Hetzelfde effect is te zien in een andere kleine struik, Sontolina incana, en in Potentilla fruticosa waarvan de bloesems zich uitstrekken door een heel breed scala van geel en goud en ook enkele witten. Het zilverkleurige blad van de Pyrus salicifolia pendula contrasteert rijkelijk met het pruimenpaarse blad van de Cotinus coggygria foliis purpureis, waar deze boom en de struik (beide van redelijke grootte wanneer ze volgroeid zijn) op een verstandige manier in de buurt van de perkplanten zijn geplaatst, wat vooral in de zomer, ruimte biedt voor briljante kleurcombinaties.
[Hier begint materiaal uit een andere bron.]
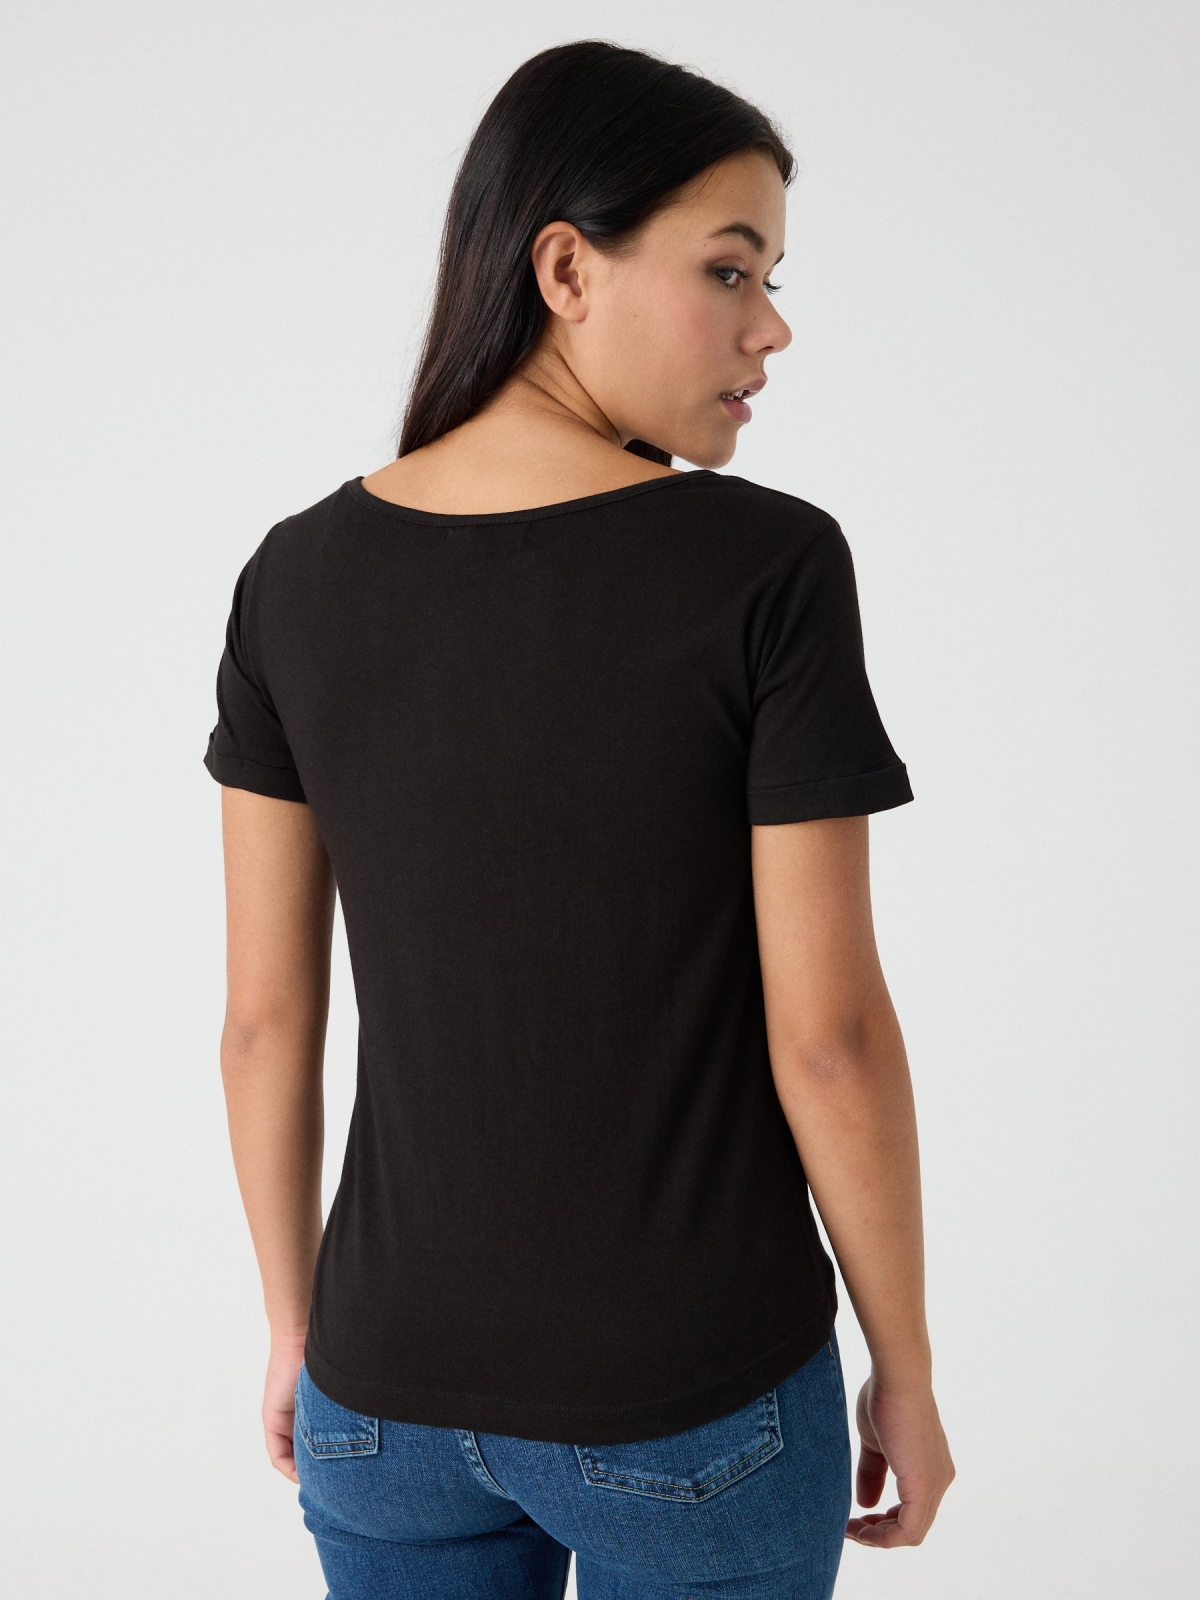 Camiseta con estampado negro vista media trasera
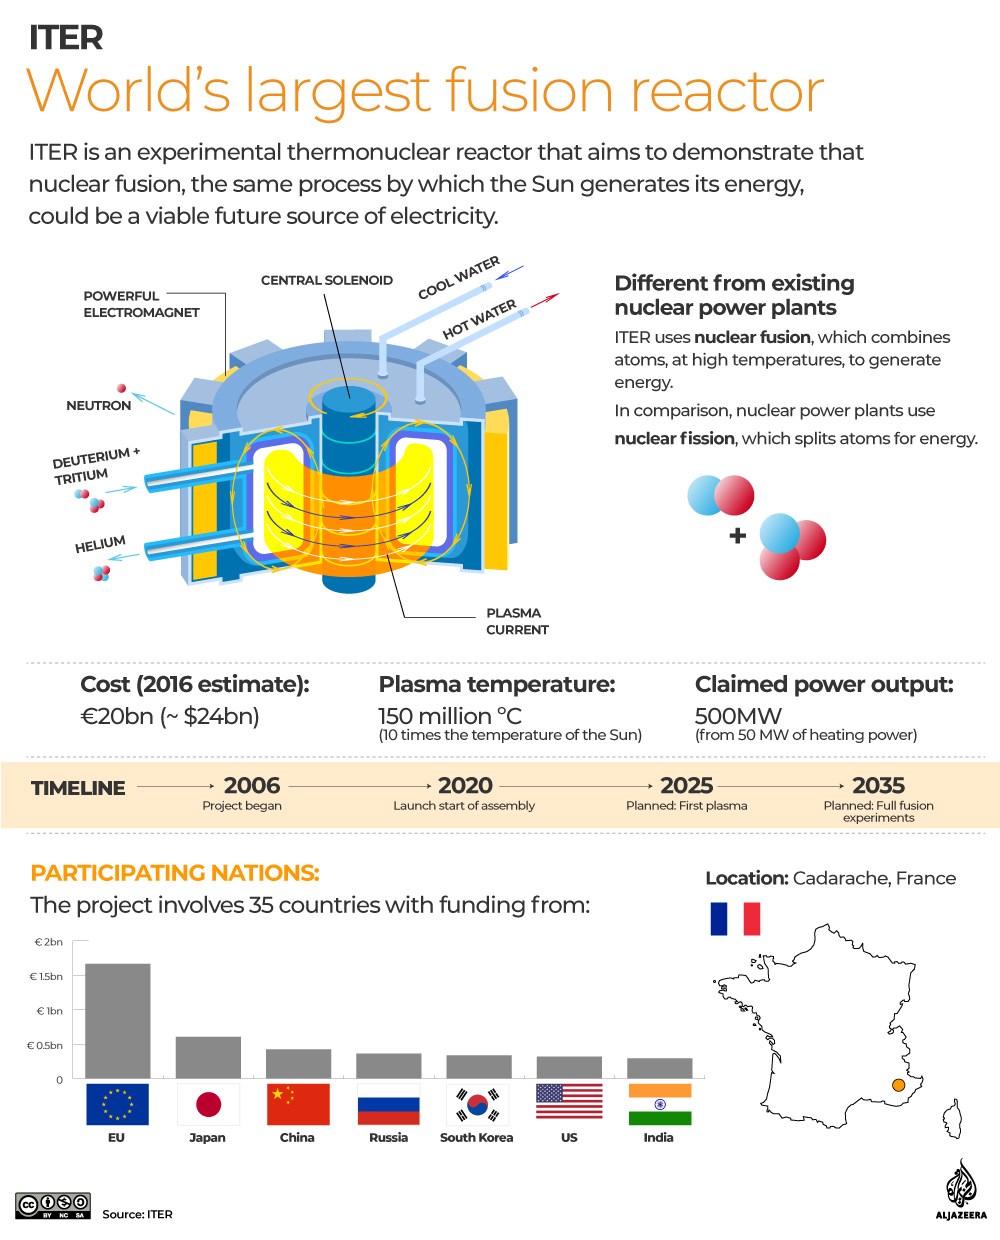 Uluslararası Termonükleer Deneysel Reaktörü’nde (ITER) nihayet montaj aşamasına gelindi

Senecio maritima ‘Diamond’, helder met zilveren blaadjes, is uitstekend te gebruiken als contrast met bijvoorbeeld roze antirrhinums of het paars-mauve Verbena venosa. Een mix van alle drie is opmerkelijk opvallend.
Geel is een van de mooiste kleuren van allemaal. En het heeft de mogelijkheid om leven te brengen in elke border zonder ooit de neiging tot hardheid. Mogelijk eentonig als het te veel gebruikt wordt, vooral in zijn donkerdere tinten, kan het prachtig zijn zoals eenjarige chrysanten in sommige van de rassen kunnen laten zien. Schitterend in combinatie met blauw, zoals Platystemon californicus met Echium ‘Blue Bedder’ jaarlijks zal laten zien in elke border, maar evenzeer in gezelschap van mauve, zoals een ander voorbeeld: Clematis x jackmanii gekweekt in de buurt van klimroos ‘Zeemeermin’ zal bewijzen.
Elke uitgebreid gevulde border met hemerocallis, of daglelie, zal het duidelijk maken hoe goed gele tinten met oranje, samen een perfecte mix maken. Oranje, hoewel briljant op zichzelf, kan vervelend worden als het te royaal wordt gebruikt. Oranje wordt echter extreeem levendig waar het gebruikt wordt in het juiste contrast, blauw en oranje of wit en oranje zijn prachtig. Arrangeer Nigella (familie van de ranonkel) en kalendula, of zoete alyssum met bijvoorbeeld Ursinia anethoides, allemaal een van de mooiste eenjarigen.
Groen is overal, bijna altijd precies waar het gewenst is vanuit kleurperspectief en met precies de juiste tint. Maar groen komt echt tot zijn recht als het gaat om naaldbomen, gecombineerd met gebladerte texturen en karakter om opmerkelijke schoonheid op te leveren. Het verschijnt in een oneindig aantal tinten en strekt zich in de ene richting uit tot verschillende goud en brons, en in een andere richting tot klassieke blauw- en zilverblauwe tinten. Cedrus atlantica glauca en Picea pungens kosteriana bijvoorbeeld.
Het kleurjaar heeft geen begin en geen einde waar de slimme tuinman aan het werk is geweest. Hij heeft zijn traditionele voorjaarsbloemen in massa’s, geallieerd aan lentebloeiende struiken zoals chaenomeles, forsythia en ribes (en hoe prachtig Ribes sanguineum er uitziet in gezelschap van narcissen en narcissen), om nog maar te zwijgen van de gastheren van sierkersen, pruimen en appels.
Een uniforme gele border zou wel eens te veel van het goede kunnen blijken, maar misschien niet als die tot redelijke proporties wordt beperkt. Beter echter, zo lijkt het, om oranje te mengen met geel, met misschien af en toe een vleugje wit; om een werkelijk prachtige kleurenrijkdom te verkrijgen.
Op die manier zou zeker het volledige scala aan hemerocallisvariëteiten kunnen worden gebruikt, wat onder alle omstandigheden de moeite waard is.